Elastic Detection Query

Elastic Security (Elastic)
eql 
any where (
  /* Branch 1: Direct SID-History modification events on Domain Controllers */
  (
    event.provider == "Microsoft-Windows-Security-Auditing"
    and event.code in ("4765", "4766")
  )
  or
  /* Branch 2: AD Object modification with sIDHistory attribute write via LDAP (Event 4662) */
  (
    event.provider == "Microsoft-Windows-Security-Auditing"
    and event.code == "4662"
    and winlog.event_data.Properties like~ "*sIDHistory*"
  )
  or
  /* Branch 3: Known SID injection tooling — Mimikatz, Empire, PowerShell ADSI */
  (
    event.category : "process"
    and event.type : "start"
    and (
      process.command_line like~ (
        "*MISC::AddSid*",
        "*sid::add*",
        "*sIDHistory*",
        "*sidHistory*",
        "*Add-SIDHistory*",
        "*DCShadow*",
        "*Invoke-DCshadow*",
        "*Set-ADUser*sIDHistory*"
      )
      or process.name like~ "mimikatz.exe"
    )
  )
)
critical severity high confidence

Detects SID-History Injection via three branches using Elastic ECS field mappings: (1) Windows Security Events 4765 (SID History added successfully) and 4766 (failed attempt), fired by the Domain Controller when sIDHistory is manipulated — requires Account Management audit policy; (2) Event 4662 filtered on winlog.event_data.Properties containing 'sIDHistory', capturing LDAP-layer attribute writes — requires Directory Service Access auditing and SACL on the domain NC; (3) Process creation events matching Mimikatz binary name or command-line patterns associated with sid::add, Add-SIDHistory, DCShadow, and PowerShell ADSI manipulation.
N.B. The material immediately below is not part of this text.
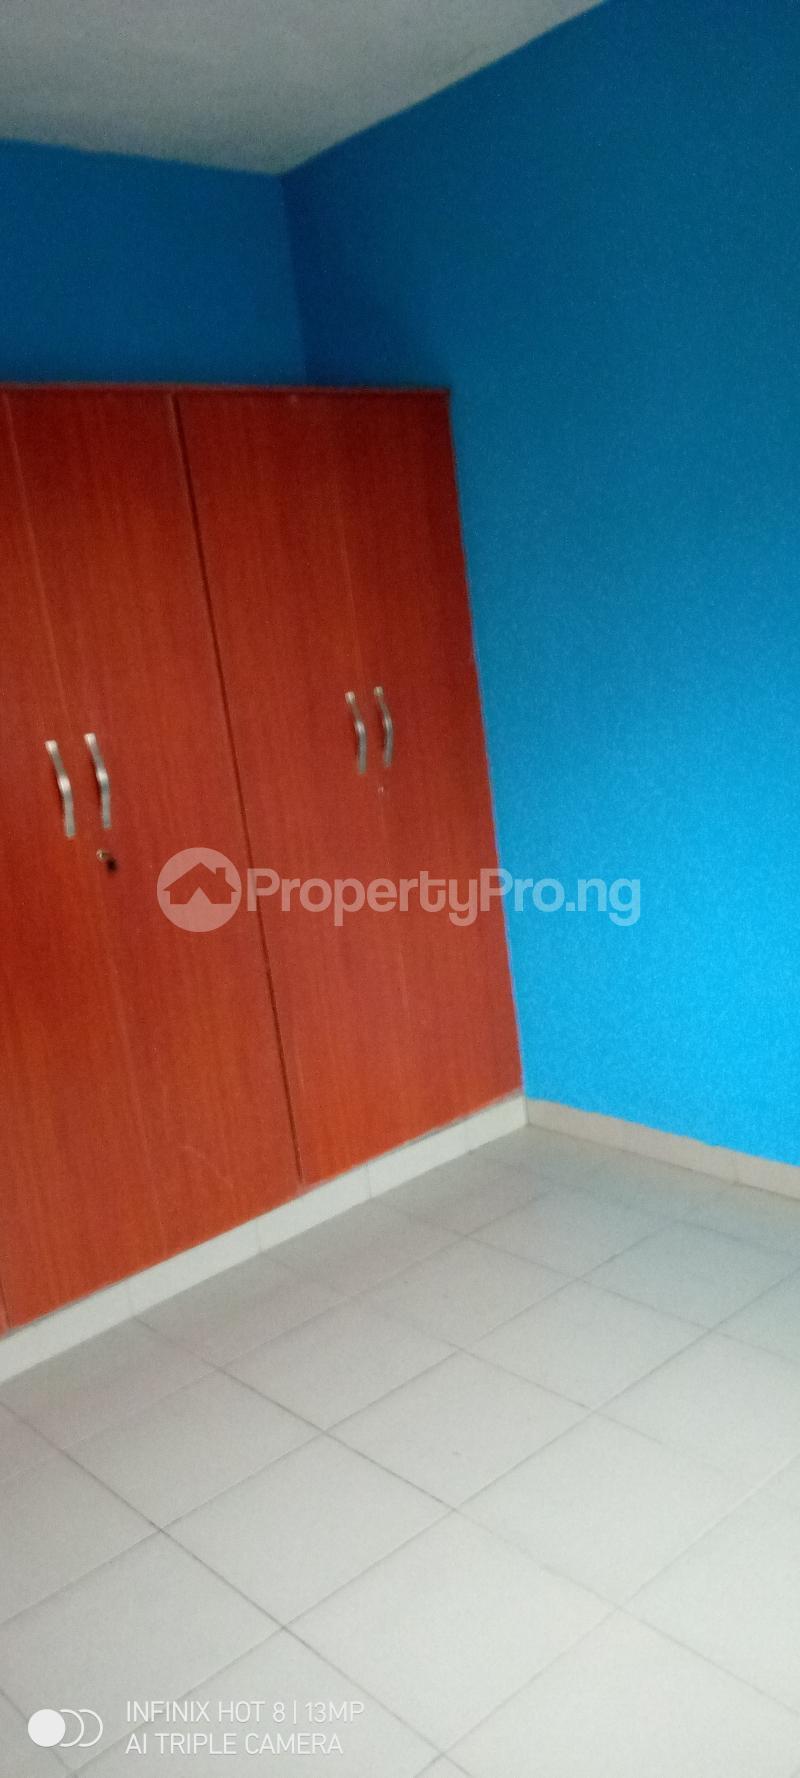 3 bedroom Flat / Apartment for rent Green field estate Amuwo Odofin Amuwo Odofin Lagos - 5

Branch 3 covers Sysmon Event ID 1 (event.code == '1') and Windows Security Event 4688, both normalized to event.category=process / event.type=start by Elastic Agent. Privileged SID detection (S-1-5-21-*-512/-519/-518) should be evaluated in a subsequent enrichment step using the winlog.event_data.SidHistory field.

Data Sources

Windows Security Event Log via Elastic Agent (logs-windows.security-*) or Winlogbeat (winlogbeat-*)Endpoint process telemetry via Elastic Defend or Sysmon + Winlogbeat (logs-endpoint.events.process-*)

Required Tables

logs-windows.security-*winlogbeat-*logs-endpoint.events.process-*

False Positives & Tuning

  • Active Directory Migration Tool (ADMT) running during authorized inter-domain or inter-forest migrations — generates Event 4765 for every account processed; correlate SubjectUserName against known migration service accounts and active change tickets
  • Quest Migration Manager, Binary Tree ADConnect, or similar enterprise directory consolidation tools that write sIDHistory for cross-domain resource access continuity — these generate Event 4662 with sIDHistory in Properties at scale during project windows
  • Authorized red team or penetration testing exercises simulating T1134.005 via Mimikatz or PowerShell ADSI — validate process.name, host.name, and timing against approved assessment scope and maintenance windows in your ITSM
Download portable Sigma rule (.yml)

Other platforms for T1134.005

Microsoft Sentinel (KQL) Splunk (SPL) IBM QRadar (QRadar) Sumo Logic CSE (Sumo) Google Chronicle (YARA-L) CrowdStrike LogScale (LogScale) All platforms (combined) →

Testing Methodology

Validate this detection against 4 adversary techniques from Atomic Red Team. Each test below lists the behaviour to exercise and the telemetry you should expect to see. Executable commands and cleanup steps are available with Pro.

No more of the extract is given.